We see God's love for us in this: we have a Savior who entered into our suffering world as a man and learned to triumph in the midst of it. Day by day throughout his 33 years on earth He learned obedience by living every single moment completely surrendered to the will and pleasure of His Heavenly Father (Heb. 5:7-9). The triumph of the cross was won in a few agonizing but short hours, but wasn't it the daily obedience of Christ to His Father that prepared Him for the victory of Redemption?

Sin has wrecked this world and left every person alive wounded in some way by affliction. It has left many souls searching for meaning and coming up short. But there is purpose in suffering for the people of God, and He has promised to work it all for good. Oh, that I may know Christ and the fellowship of sharing in His suffering. Let me turn to Christ--His example, His power, and His help--in every situation. What is the goal? There is divine power in suffering triumphantly with Christ that will draw men to Him. And we will know our Savior better, in ways we could not have known except by experiencing His own near and real presence while enduring affliction. There's nothing like hearing a child say, "Mom, because of this, I've learned to trust God and find His comfort even more." There's nothing like saying it myself.

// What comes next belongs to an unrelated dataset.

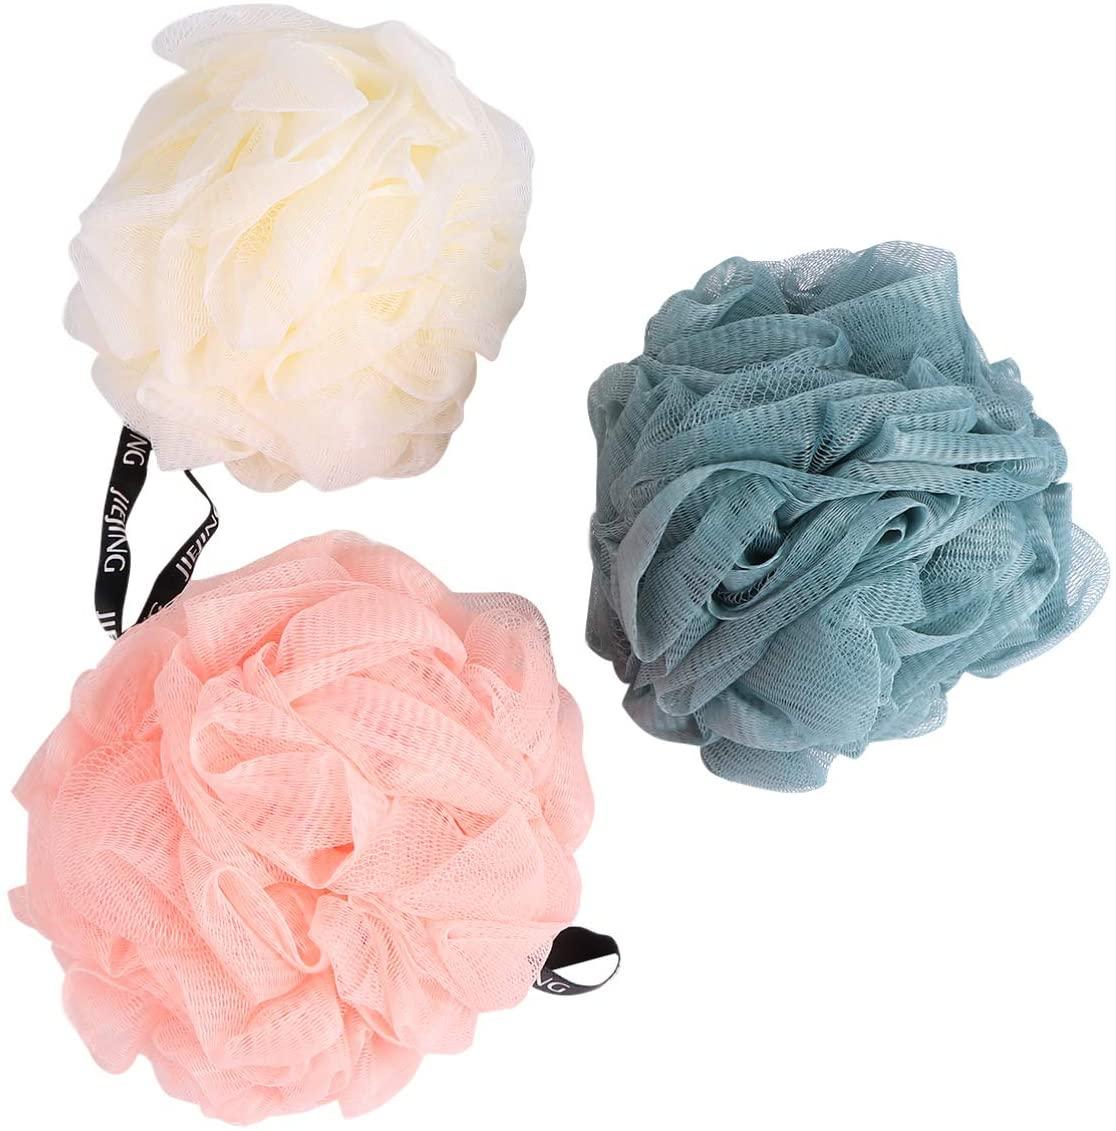 ARTIBETTER 3pcs Bath Shower Sponge Loofahs Mesh Pouf Shower Ball Scrub Balls for Men Women Girls Teens Children with Hanging Rope Pink, Beige and Blue

Philippians 3:10-11 "that I may know him and the power of his resurrection, and may share his sufferings, becoming like him in his death, that by any means possible I may attain the resurrection from the dead."

2 comments:

Beth said...

Leah, I'm so sorry you're going through this. It's not fun, for sure. I hope you're all healed by this time, but I'm praying just the same.

leah said...

Beth--We are all healed (for now) and I'm certainly not the only one going through this. I talked with a mom today who has 4 kids and they have each taken a turn with the stomach flu, one each week. It's good to lean into the Lord during times like this!